Université Lumière-Lyon 2RÉSUMÉ

En raison du lien privilégié qu’ils entretiennent avec l’Histoire, les noms propres jouent un rôle fondamental dans l’élaboration et la reconnaissance des relations d’intertextualité. Nous étudions ces relations dans une approche à la fois onomasiologique et sémasiologique des noms propres, en les replaçant dans une échelle de notoriété et d’intertextualité, et en nous fondant sur l’analyse d’exemples et de témoignages empruntés à la littérature latine.

ABSTRACT

Because of their privileged relationship with History, proper names play a fundamental role in the elaboration and recognition of intertextual relations. We study these relations in an onomatological as well as a semasiological approach to proper names, placing them on a scale of notoriety and intertextuality, basing our study on examples and evidence taken from Latin literature.

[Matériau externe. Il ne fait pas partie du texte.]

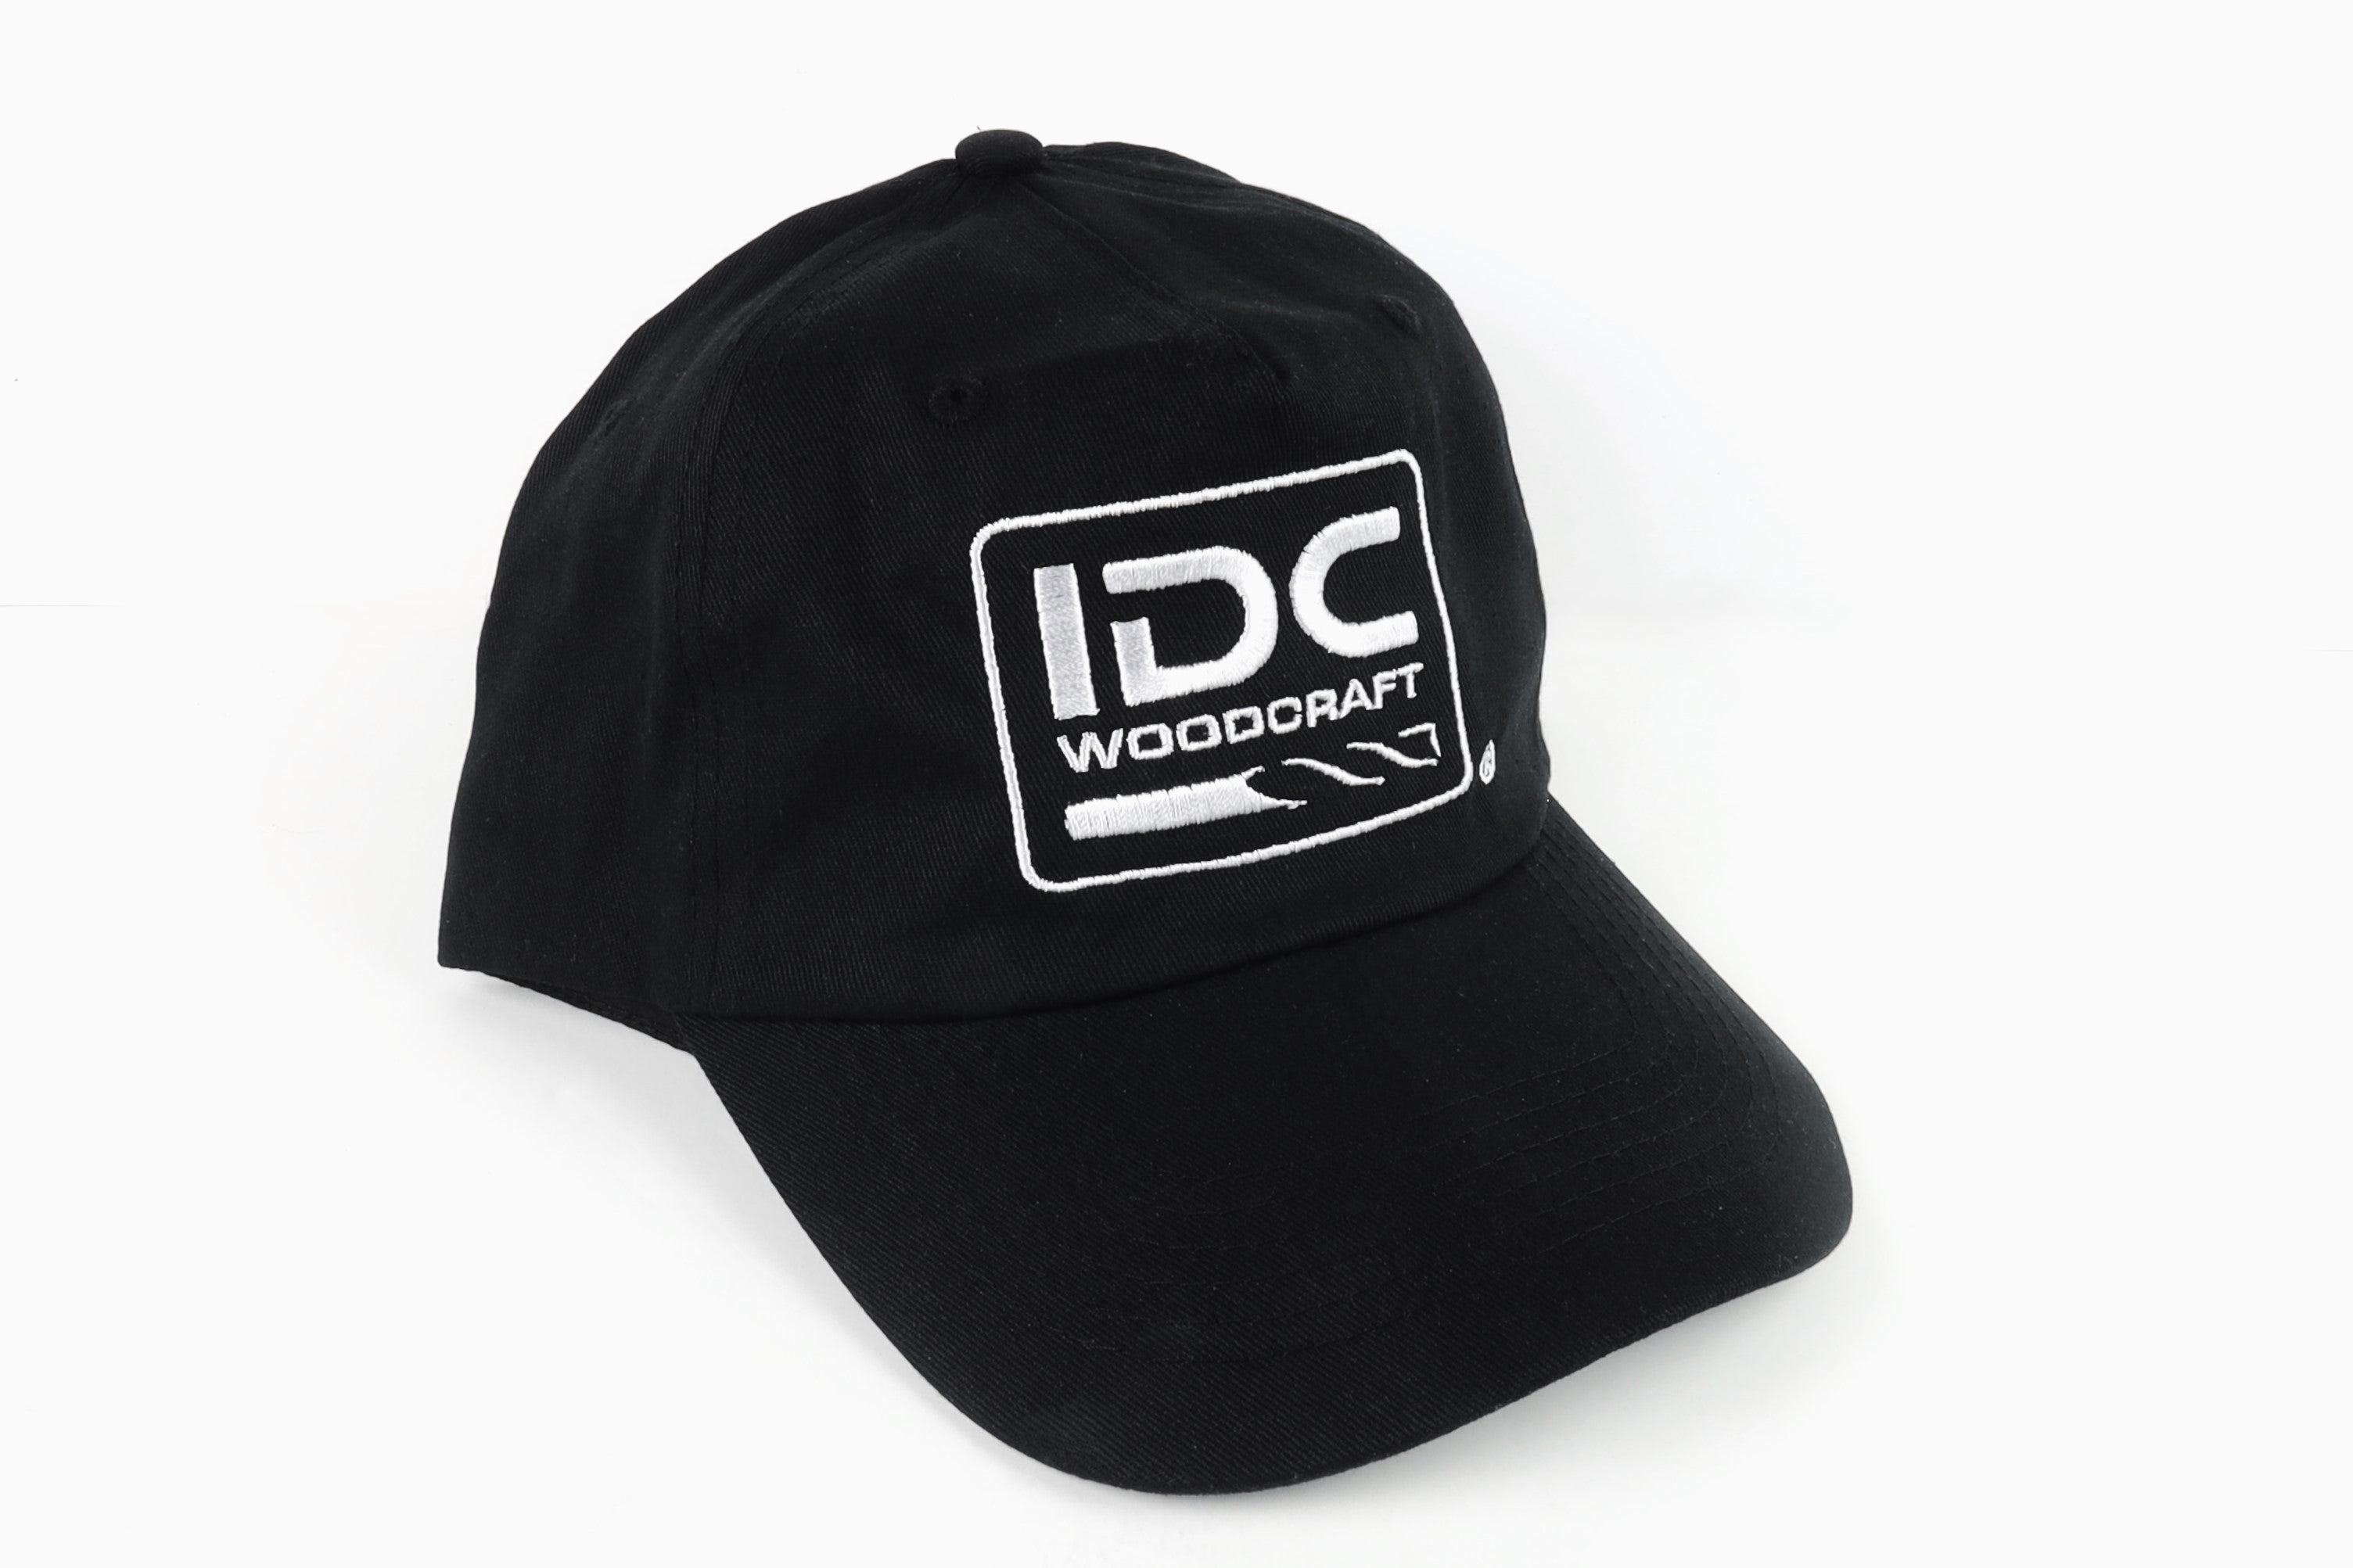 IDC Woodcraft Embroidered Ball Cap for CNC Enthusiasts

L’intertextualité est à l’origine et au cœur de la tradition littéraire de langue latine, elle en constitue l’essence. Issue de l’imitation et de l’adaptation de modèles grecs, la littérature latine n’a jamais cessé de se référer à ses sources grecques et aux prédécesseurs latins, dans un constant va-et-vient d’évocation, de reproduction et d’imitation (imitatio), d’écart et de variation (uariatio), de référence explicite ou implicite à un savoir partagé et à un univers culturel commun, qui n’excluent pas les créations et les recréations. Dans ce dispositif complexe d’échos, de réseaux de significations et d’évocations entre les textes grecs et latins et, à l’intérieur du patrimoine littéraire latin, entre des textes d’époques, d’horizons culturels et d’appartenances génériques multiples, les noms propres 1 occupent une place stratégique, ils sont au cœur même du système, c’est sur eux que repose une grande partie du système de référence.

1. Dans cette étude, le nom propre sera essentiellement assimilé au nom propre anthroponymique.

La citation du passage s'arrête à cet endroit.